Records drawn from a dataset
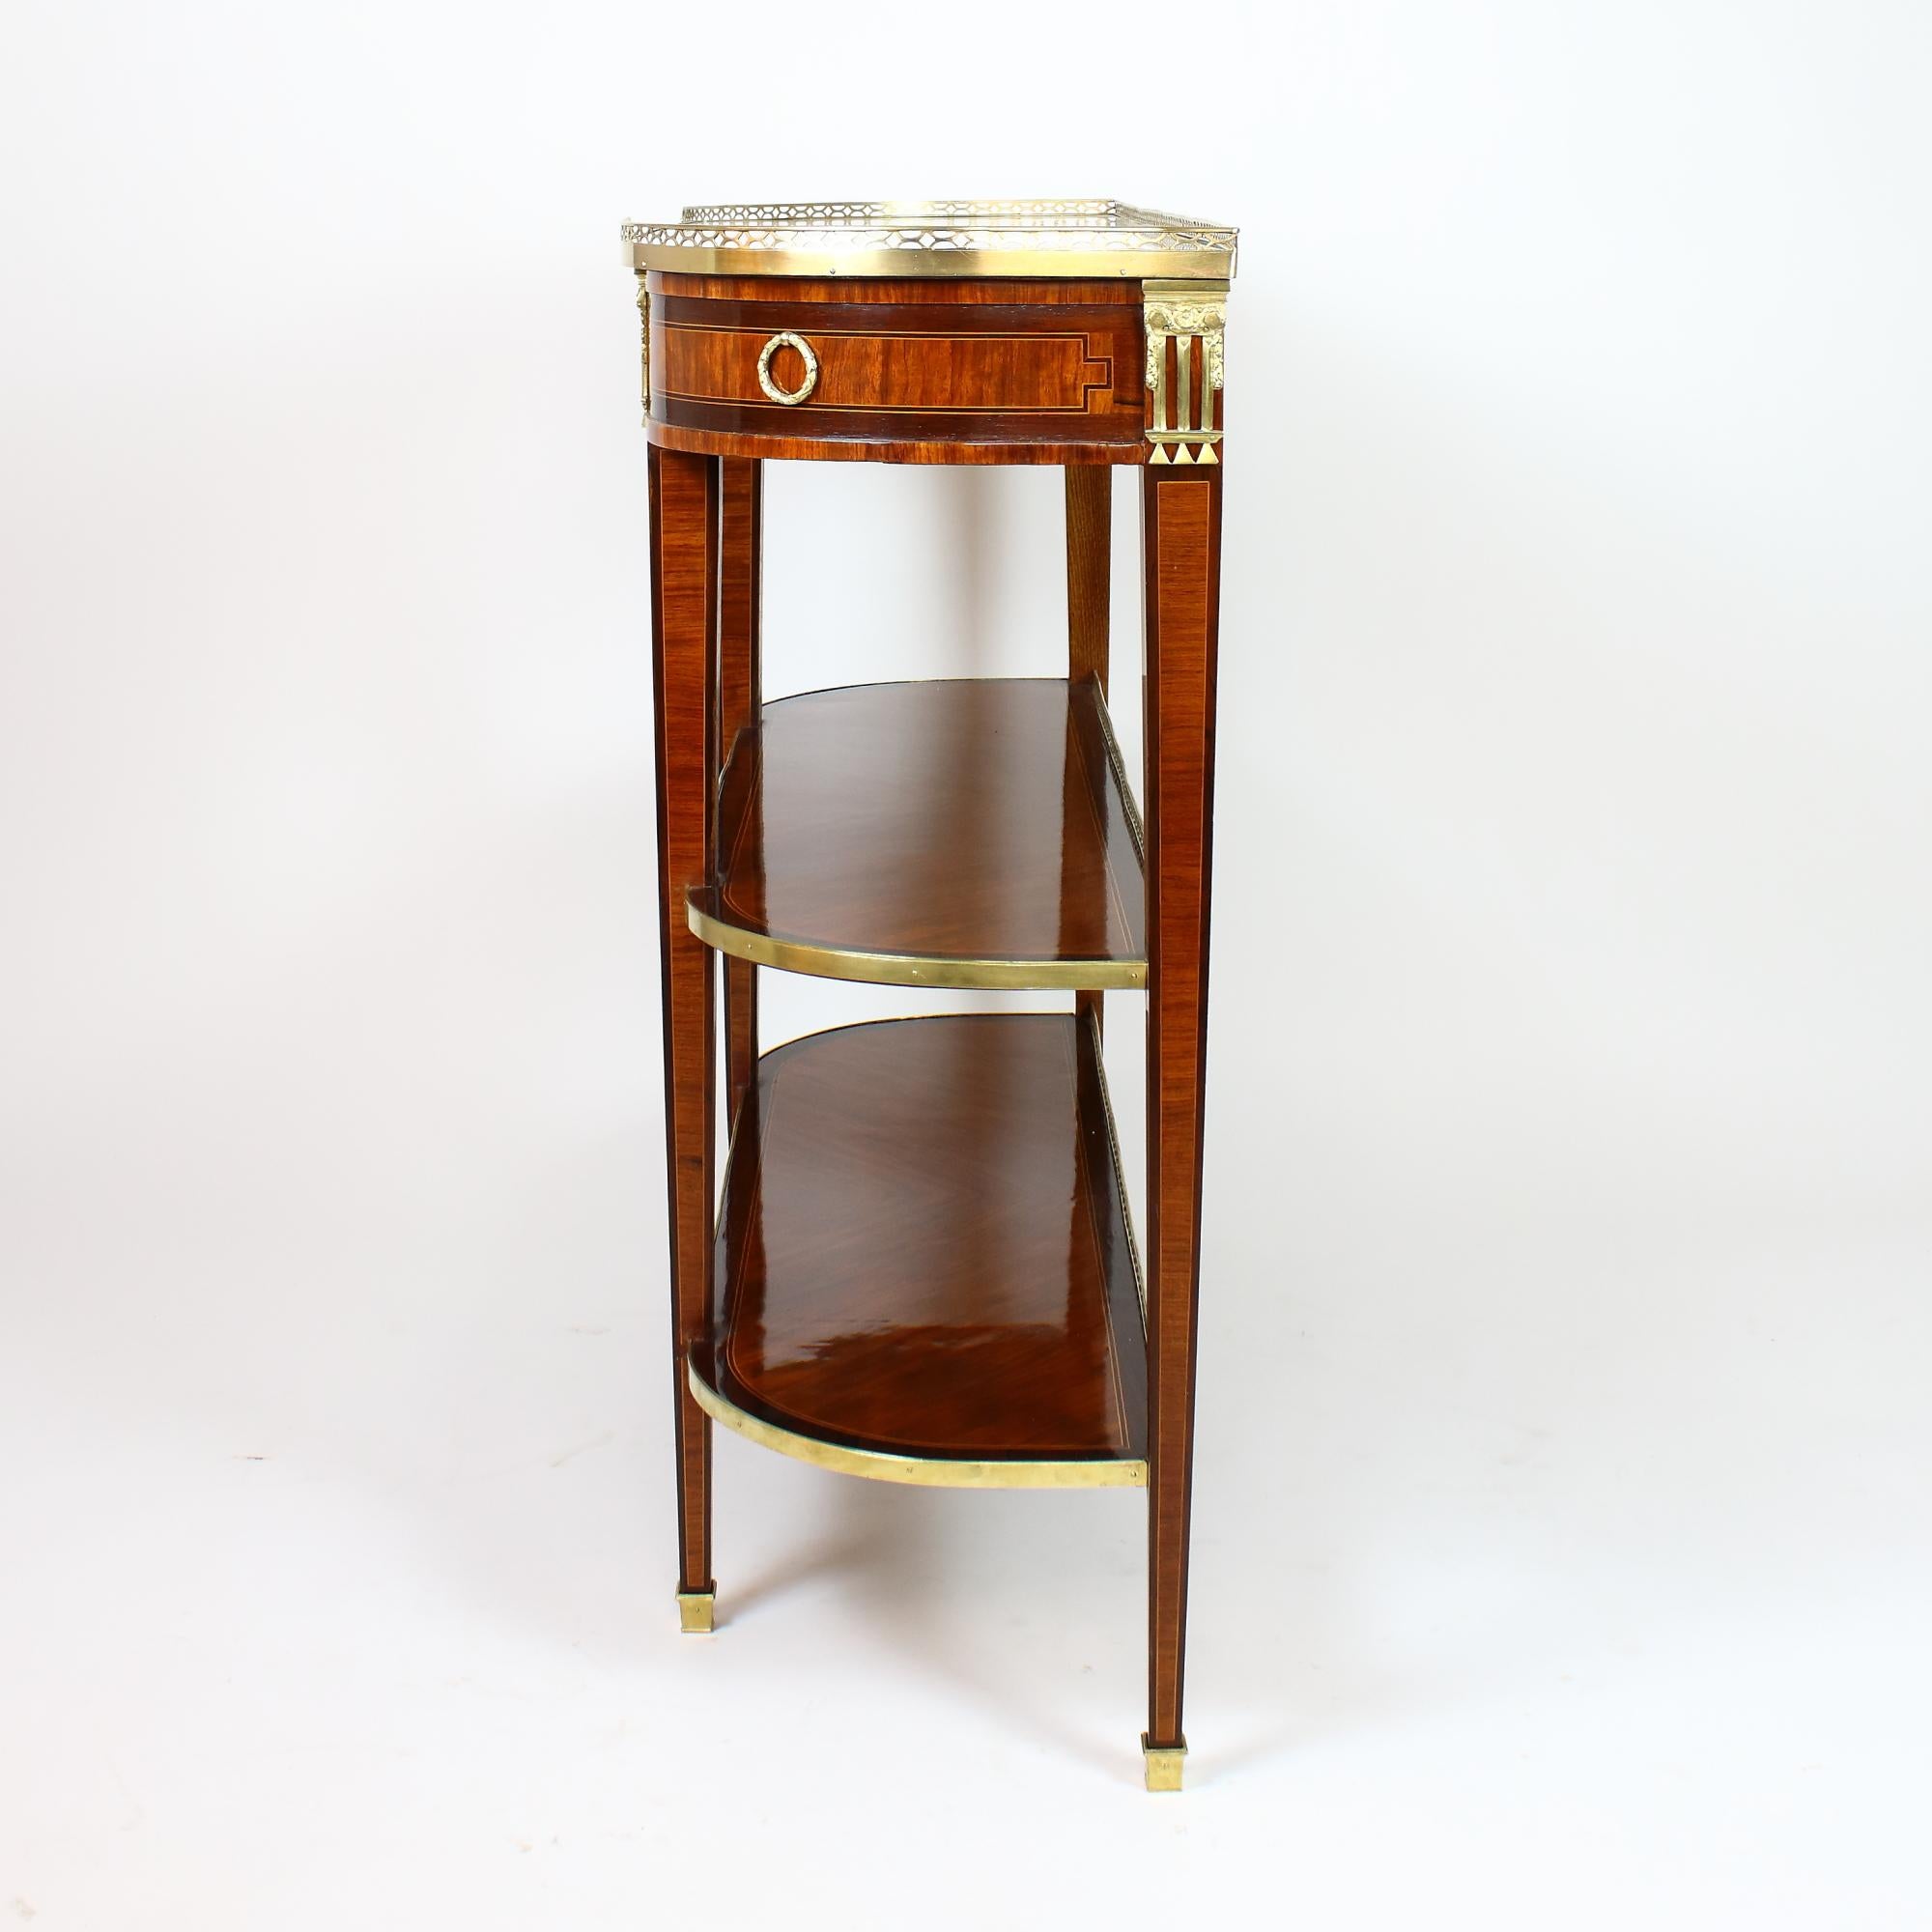 Late 18th century French Louis XVI marquetry console table or desserte.

Rectangular console table with extended width and rounded corners standing on four rectangular tapering legs, front with a frieze drawer accompanied by two trompe
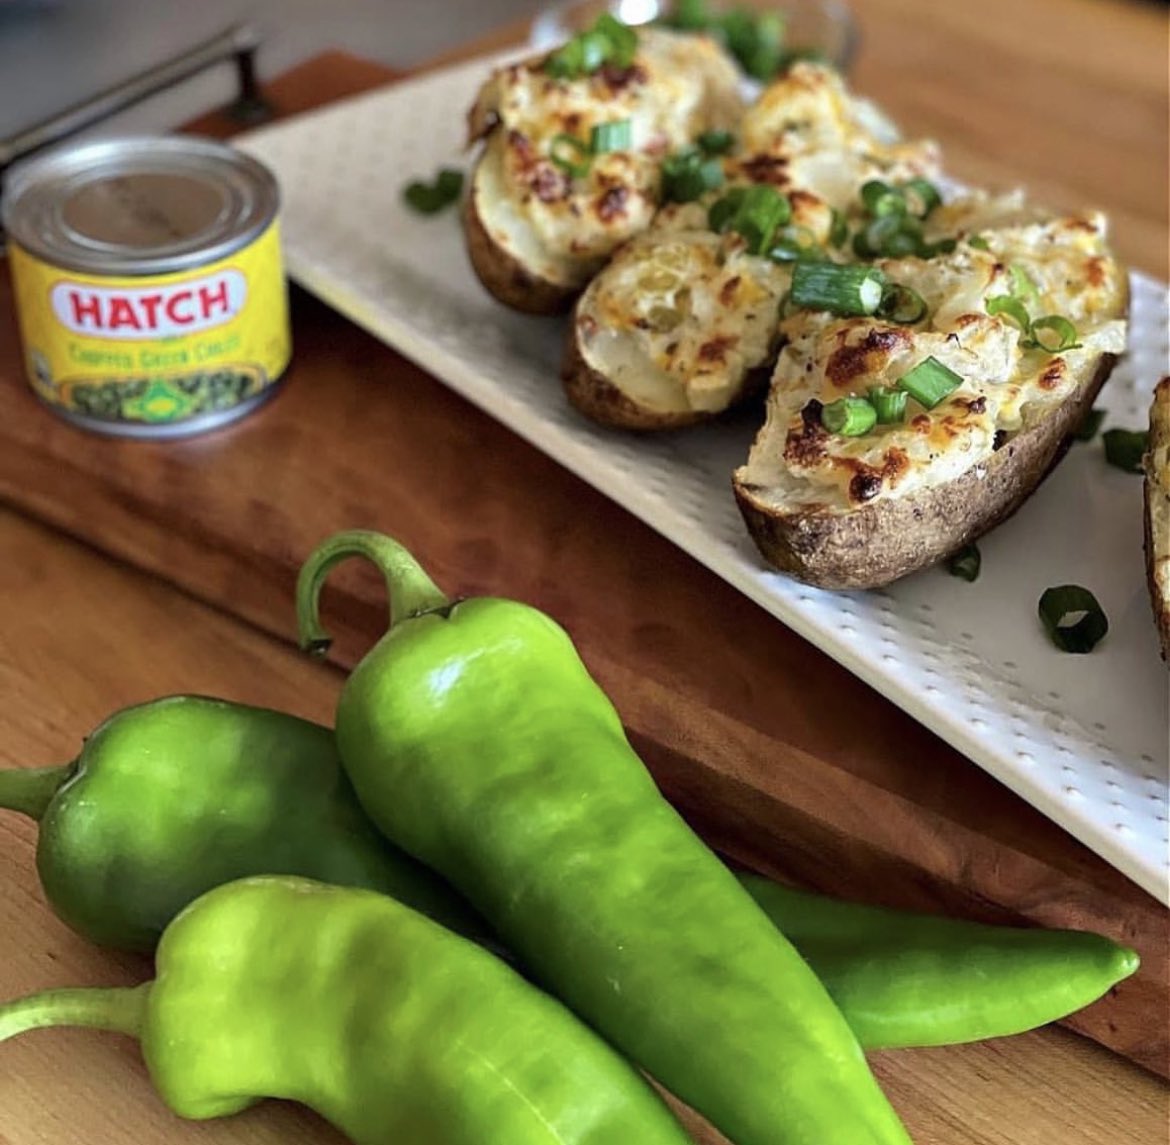 EXTRA SPECIAL SIDE, Hatch Green Chile Twice Baked Potatoes
Visit hatchchileco.com
and ceceliasgoodstuff.com
#ceceliasgoodstuff #hatchgreenchile #hatchchileco 
 #NewMexico #HatchNewMexico
#OnlyInNewMexico 
#NMTrue
#GlutenFree
#Sprouts #Albertsons #WalMart #Amazon

Exercise aim =
Output all of the data above exactly; no pictures should appear.

Output below =
 Late 18th century French Louis XVI marquetry console table or desserte.

Rectangular console table with extended width and rounded corners standing on four rectangular tapering legs, front with a frieze drawer accompanied by two trompe
 EXTRA SPECIAL SIDE, Hatch Green Chile Twice Baked Potatoes
Visit hatchchileco.com
and ceceliasgoodstuff.com
#ceceliasgoodstuff #hatchgreenchile #hatchchileco 
 #NewMexico #HatchNewMexico
#OnlyInNewMexico 
#NMTrue
#GlutenFree
#Sprouts #Albertsons #WalMart #Amazon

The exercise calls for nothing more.